Помощник хирурга
Шрифт:
— Да он сошёл с ума, — сказал Джек. — Пишет, что я распускаю слухи, будто он поступил дурно. Это полная чушь, Софи, я прямо сказал адмиралу Друри, что Грант отбыл с моего согласия, и что в то время я был удовлетворён его поведением. Мне было непросто сказать такое. Этот парень никогда не был мне по душе, хоть он и хороший моряк, но заявив такое, я сделал над собой усилие, потому как считал, что должен был так поступить. Теперь Грант без работы, чему я вовсе не удивляюсь — это дело вызвало немало пересудов на флоте — и винит во всём меня. По его словам, если только я немедленно не возьму свои высказывания обратно и не отдам ему должное, заявив, что сам отдал приказ уехать — а дело обстояло совсем не так: я лишь разрешил ему это сделать — он будет считать делом чести выложить голые факты на всеобщее обозрение и в Адмиралтействе, включая такие обстоятельства, как моя недееспособность после боя и приверженность к ложным идеалам. Бедняга! Боюсь, он совершенно запутался. Не буду ему писать, на такого рода письмо нельзя
Джек отложил бумагу в сторону.
— А вот письмо от Тома Пуллингса. Узнаю почерк. Да. Они с Моуэтом, Баббингтоном и юным Генри Джеймсом вместе отобедали в Плимуте и поздравляют меня с возвращением.

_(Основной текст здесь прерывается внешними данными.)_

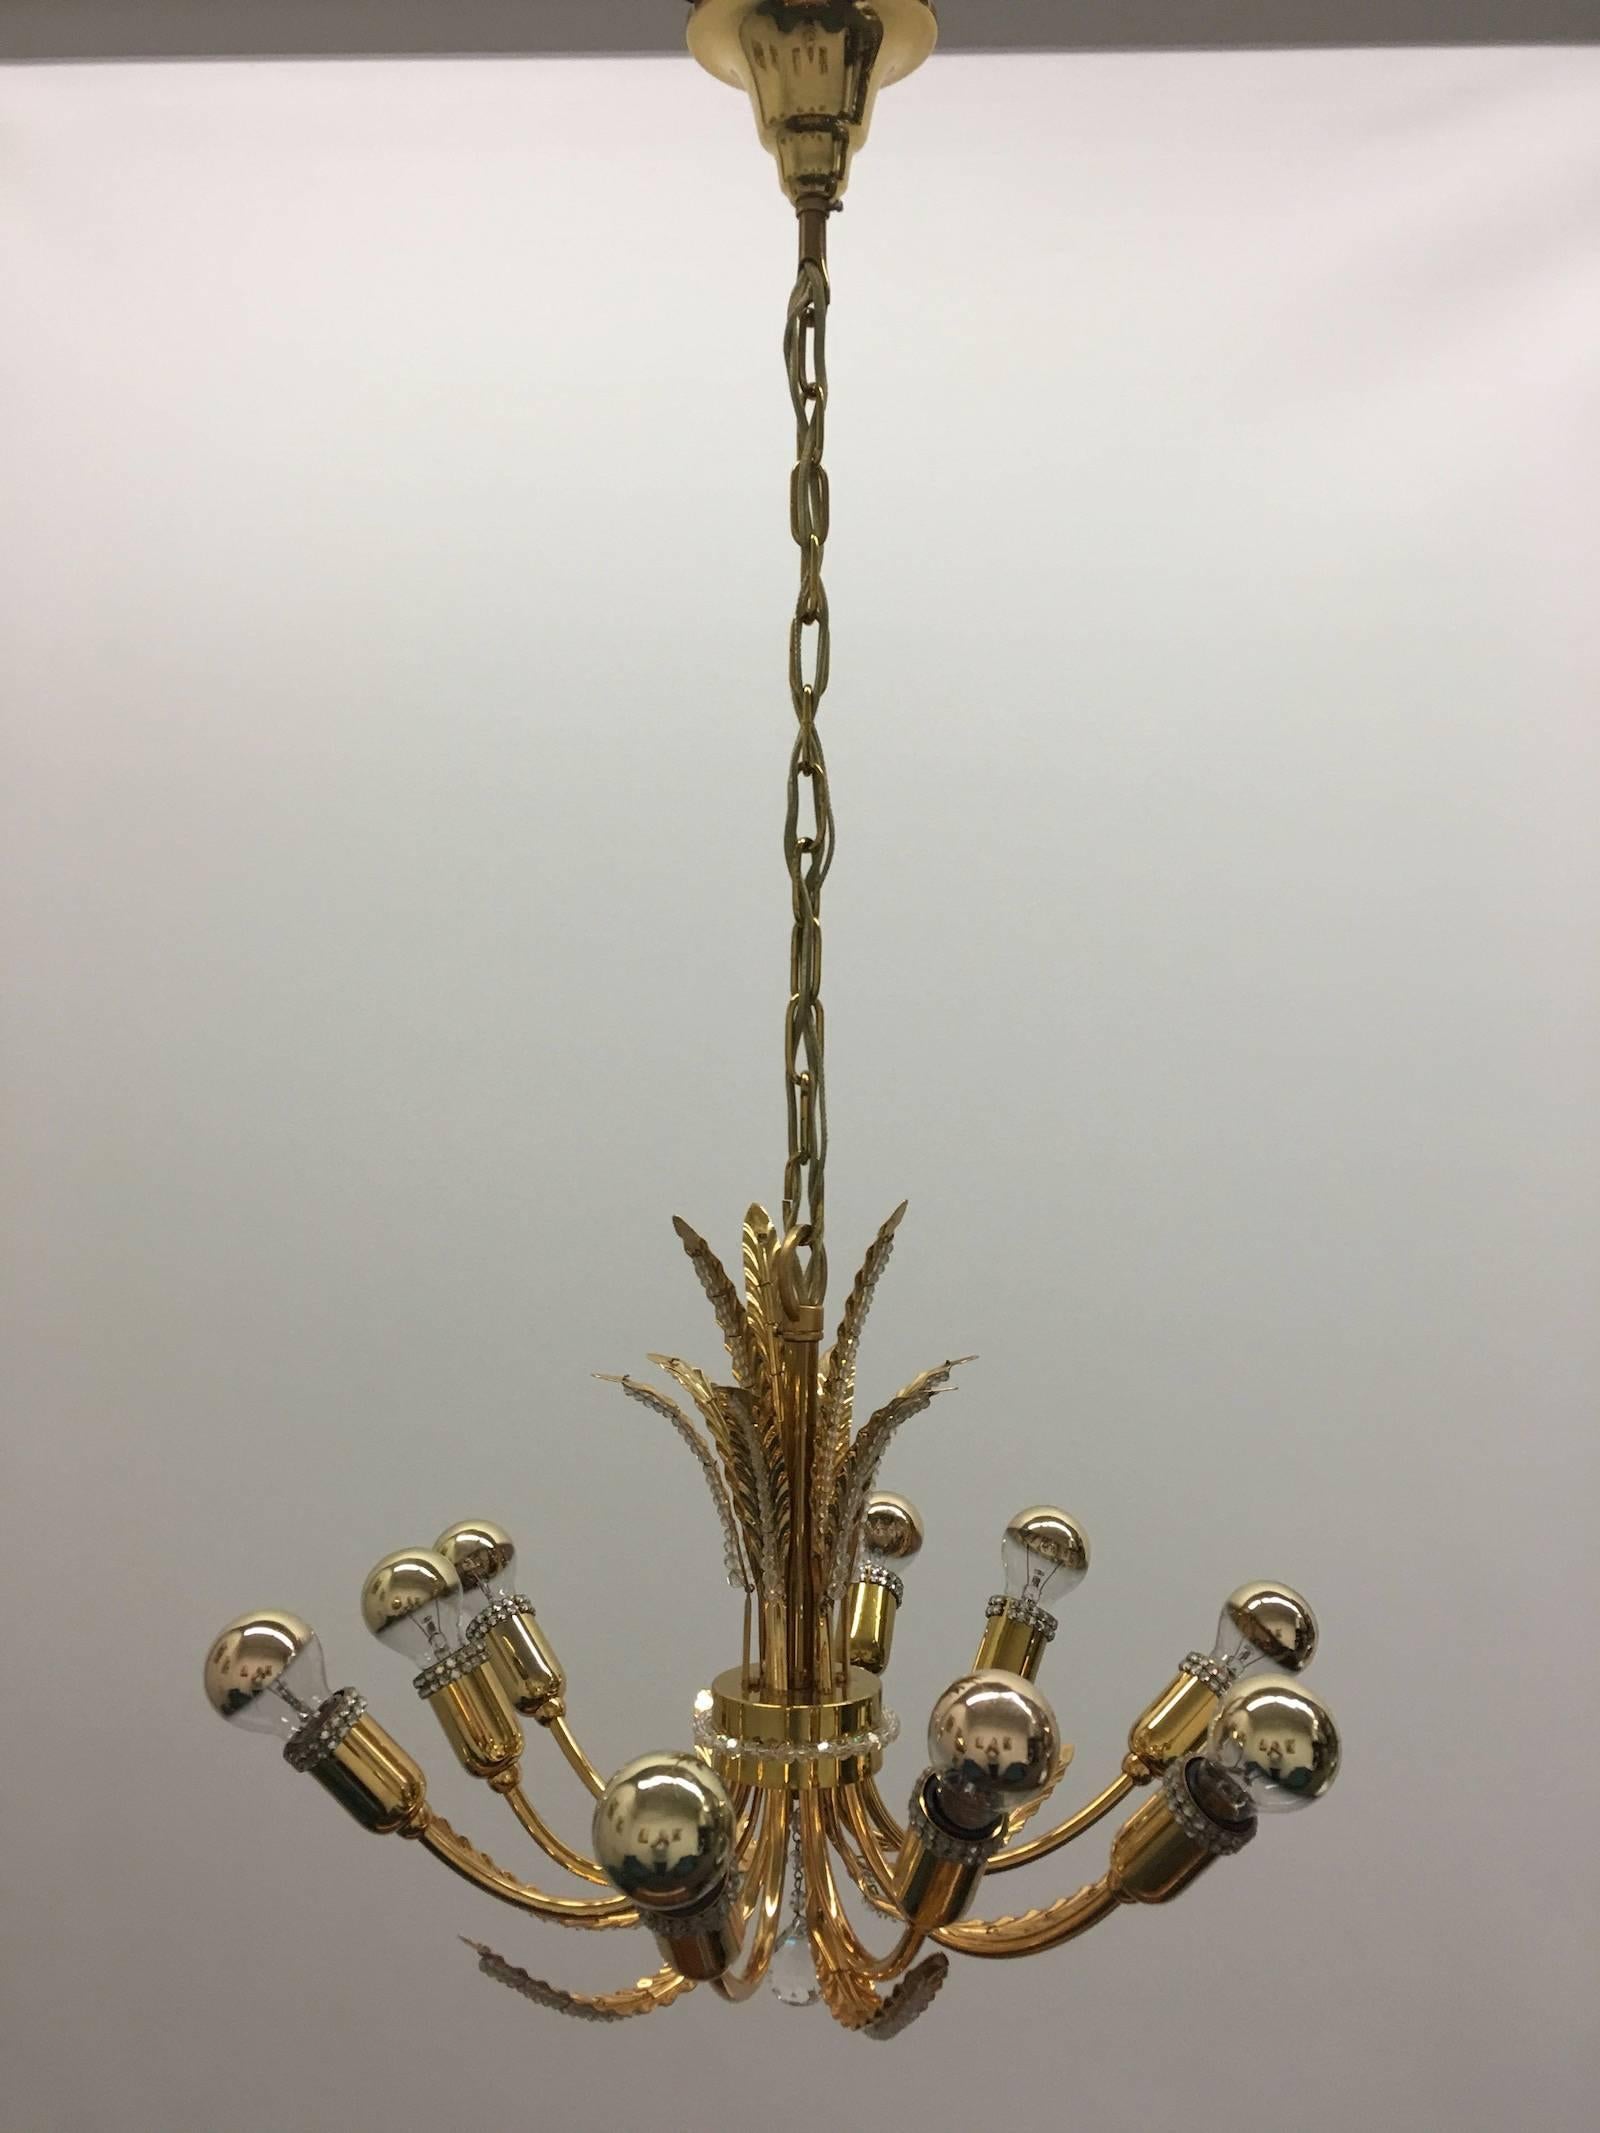 An absolutely stunning Mid-Century German gilt brass and cut crystal chandelier by Palwa, circa 1970s. Perfect for the Hollywood Regency style, there is no better combination than gold and crystal for the opulent, decadent and luxurious look of the

Шлют наилучшие пожелания и всё в таком роде. Просят передать привет тебе и Стивену и трижды пьют за наше здоровье. Желают нам прибавления... Желают от всей души, уверен в этом, но троих вполне достаточно, с ценой-то на пшеницу в 126 шиллингов заквартер,[9] — переворачивая страницу заметил он. — Я пас. Желают нам здоровья, увеличения благосостояния и счастья. Это уже лучше. Честные ребята.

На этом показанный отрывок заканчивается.